**Collected material**
○ ○ ○ ○ ○
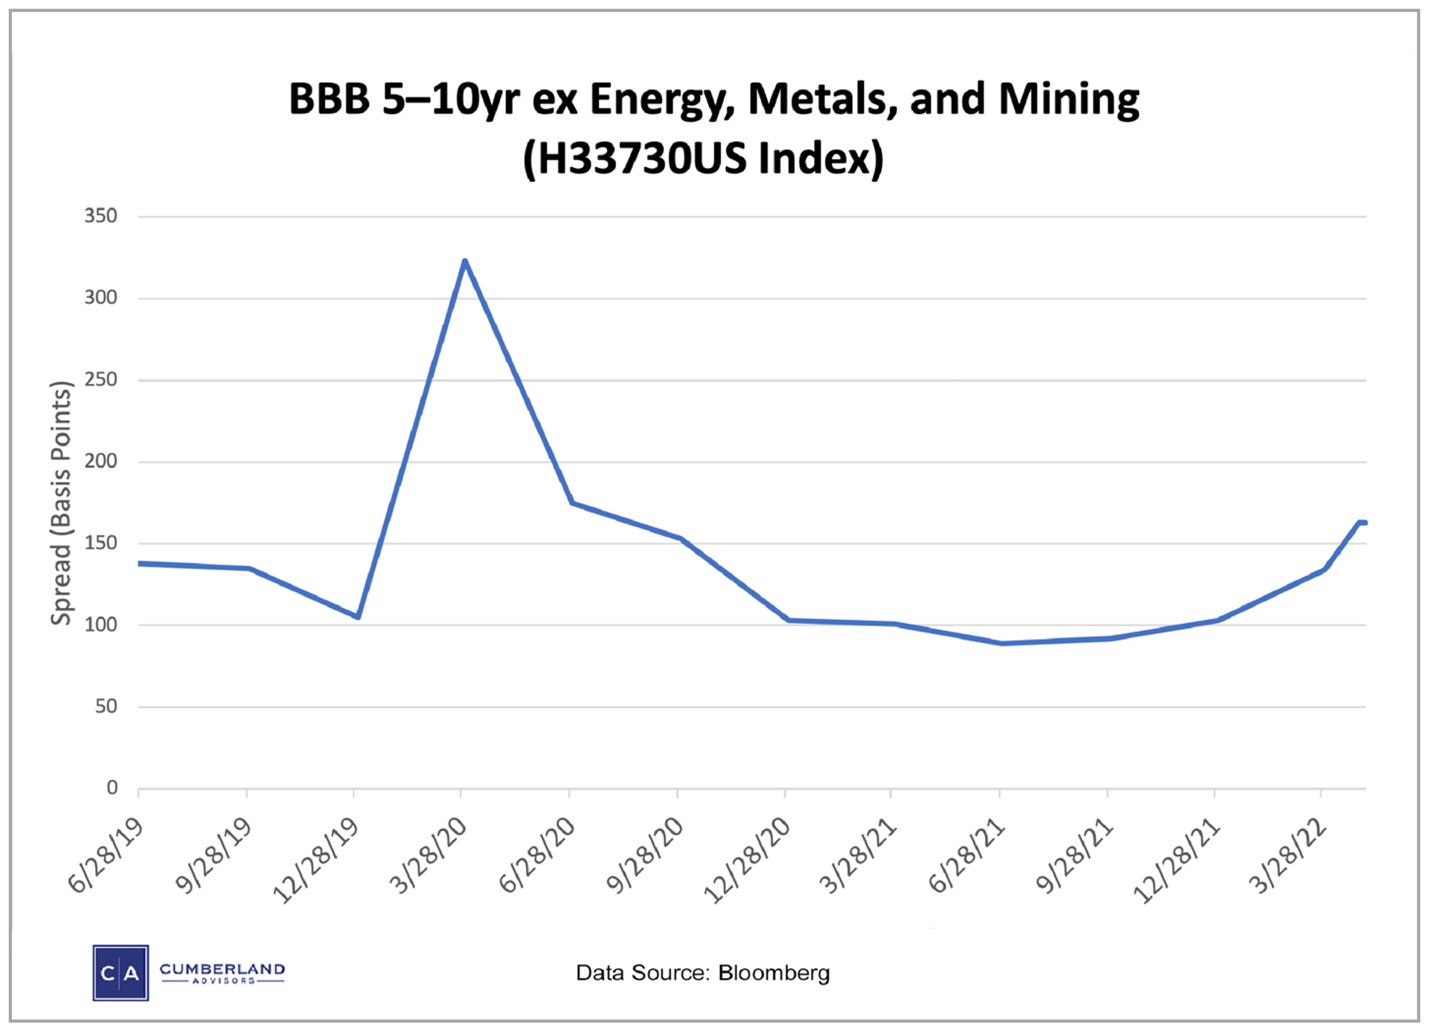 A Bond Metric for Stock Markets - BBB 5—10yr ex Energy, Metals, and Mining Chart (H33730US Index)
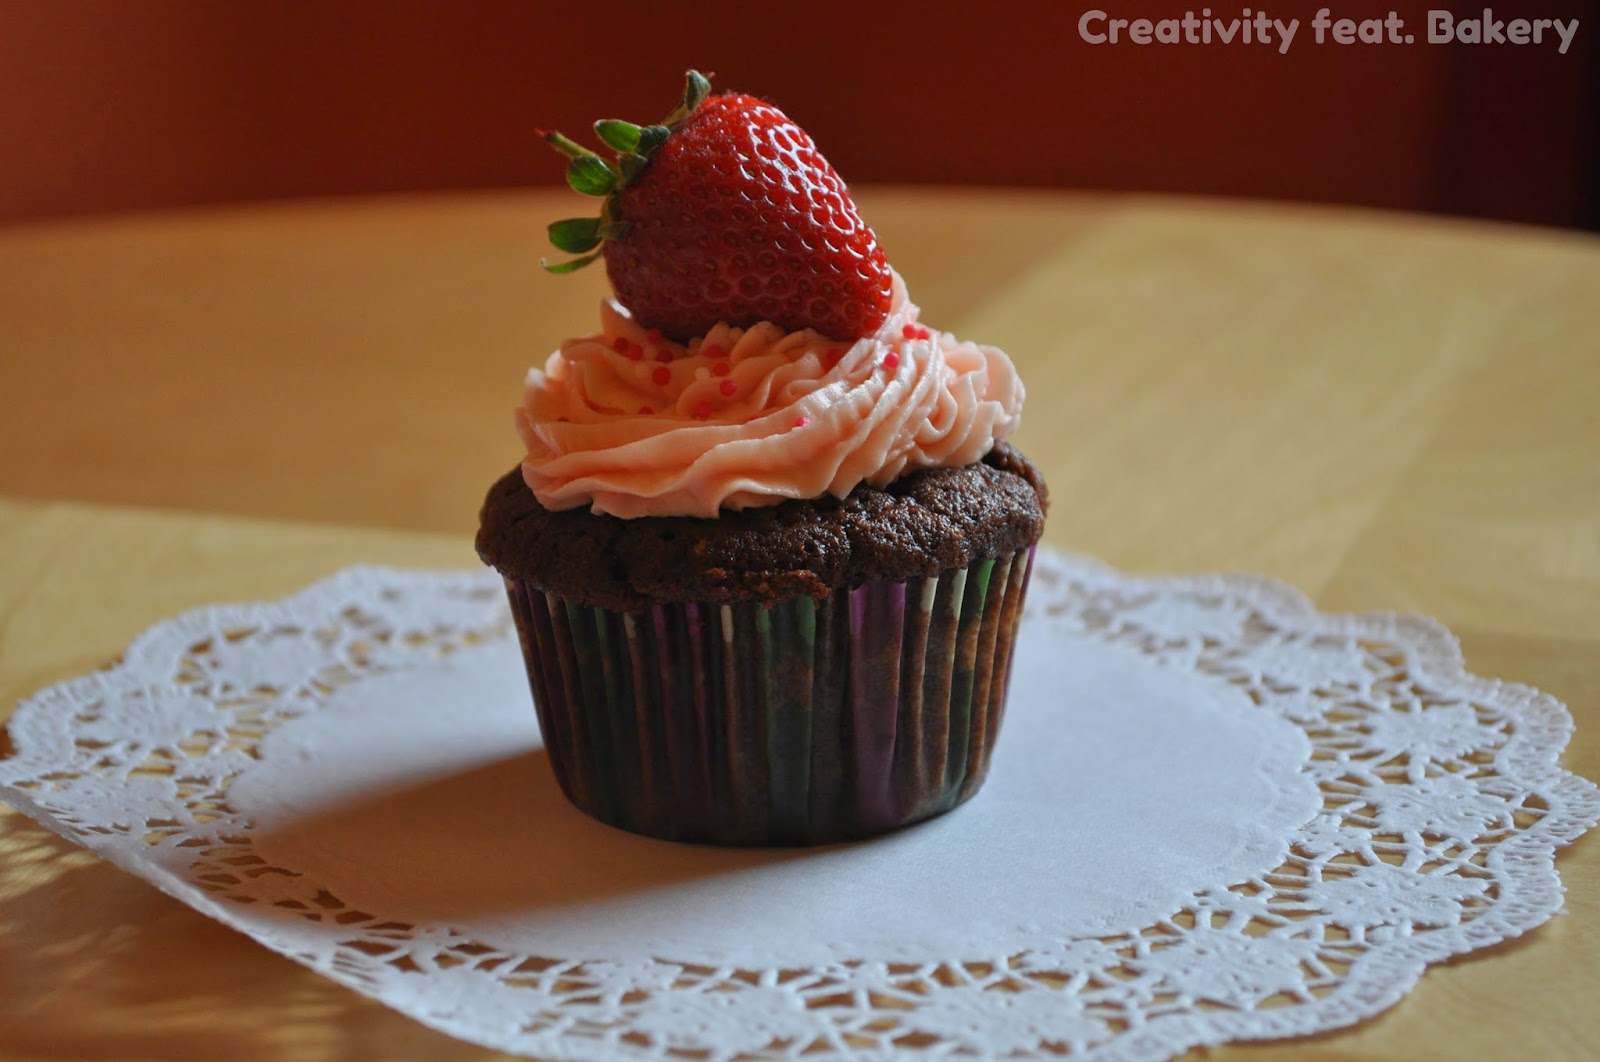 Creativity feat. Bakery: Schoko-Cupcakes mit Buttercreme-Topping
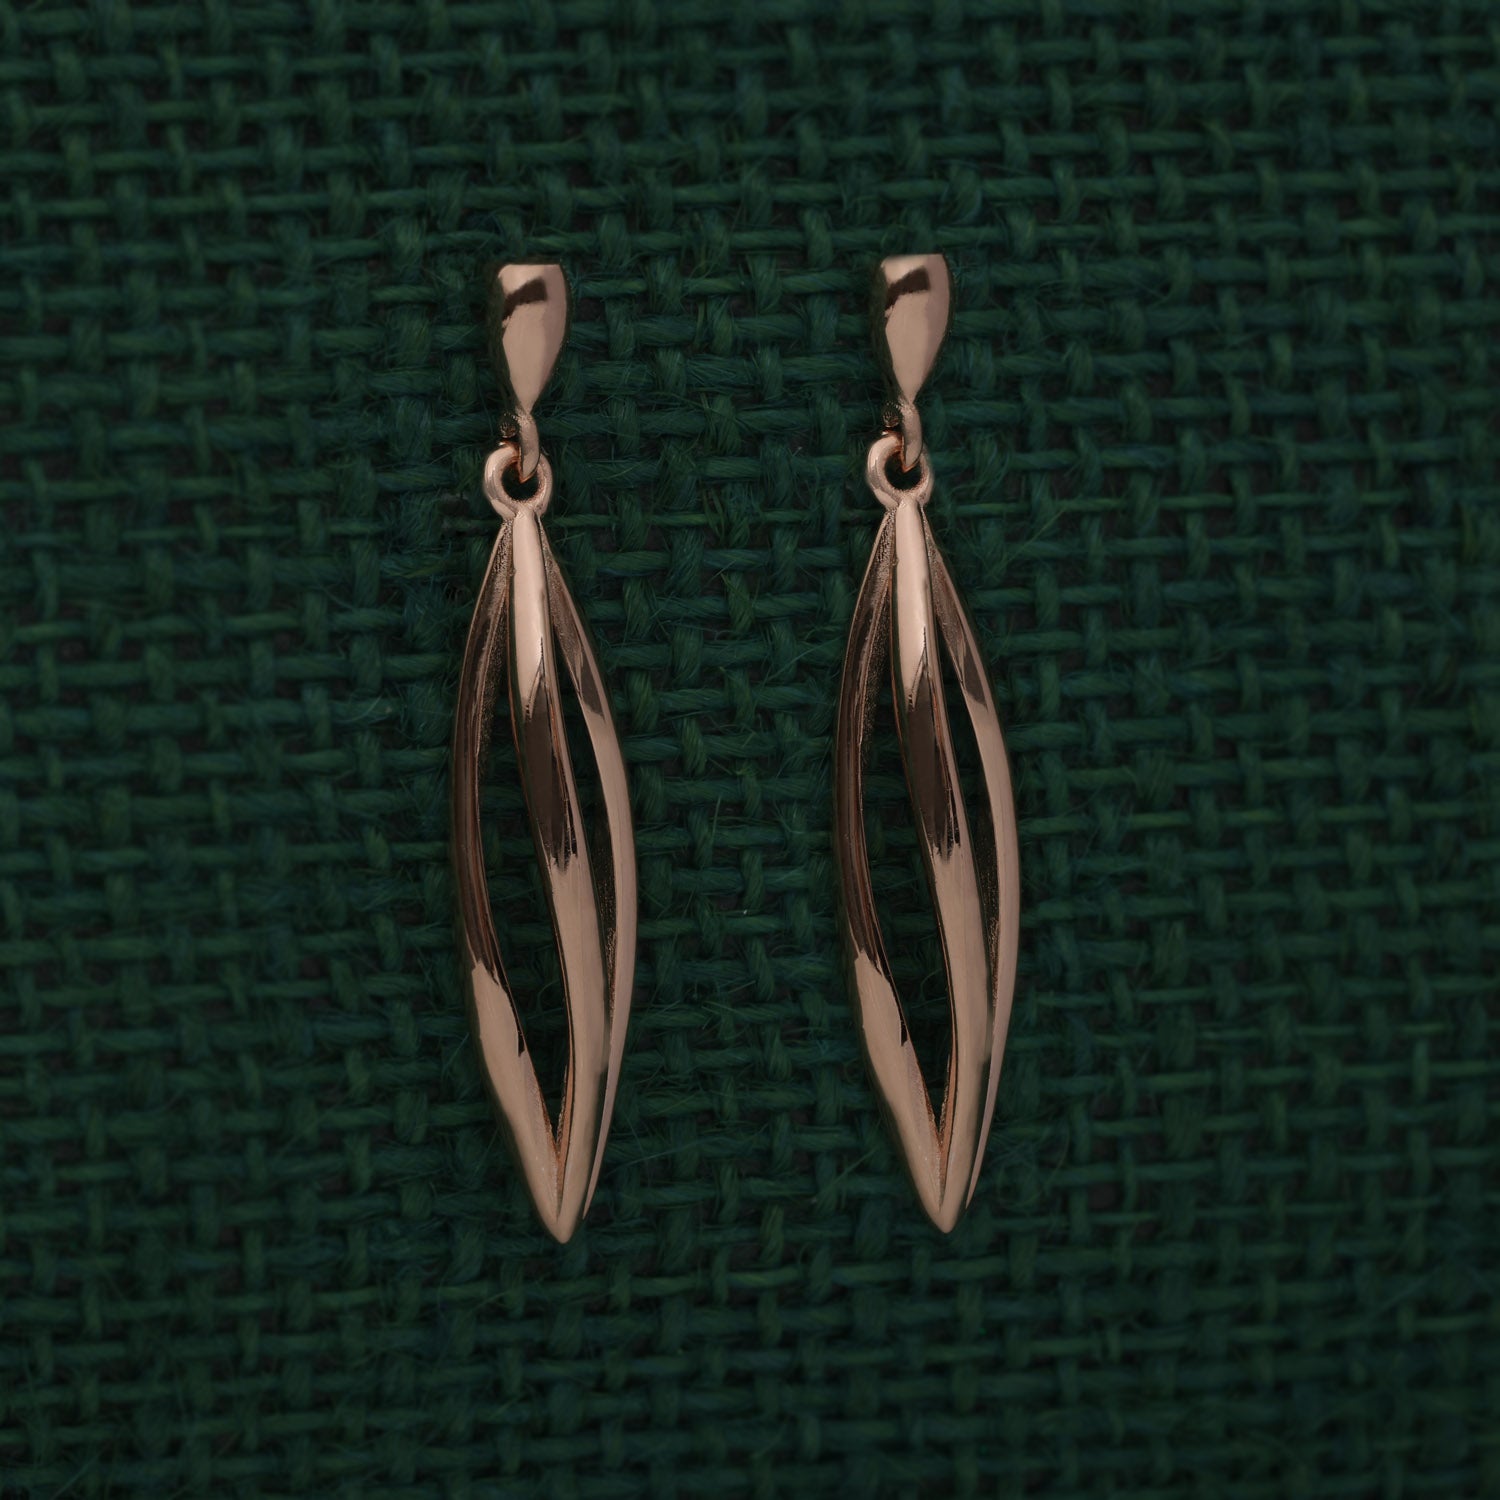 Silver Breeze: Leaf-shaped Earrings with a Rose Gold Gleam | SKU: 0002930411, 0002930442, 0002930428, 0002930435, 0002930404, 0019203201, 0019203164, 0019203249, 0019203225
○ ○ ○ ○ ○
**Task requirements**
Retype each line of the listing above word for word. Exclude the pictures.

**Response area**
 A Bond Metric for Stock Markets - BBB 5—10yr ex Energy, Metals, and Mining Chart (H33730US Index)
 Creativity feat. Bakery: Schoko-Cupcakes mit Buttercreme-Topping
 Silver Breeze: Leaf-shaped Earrings with a Rose Gold Gleam | SKU: 0002930411, 0002930442, 0002930428, 0002930435, 0002930404, 0019203201, 0019203164, 0019203249, 0019203225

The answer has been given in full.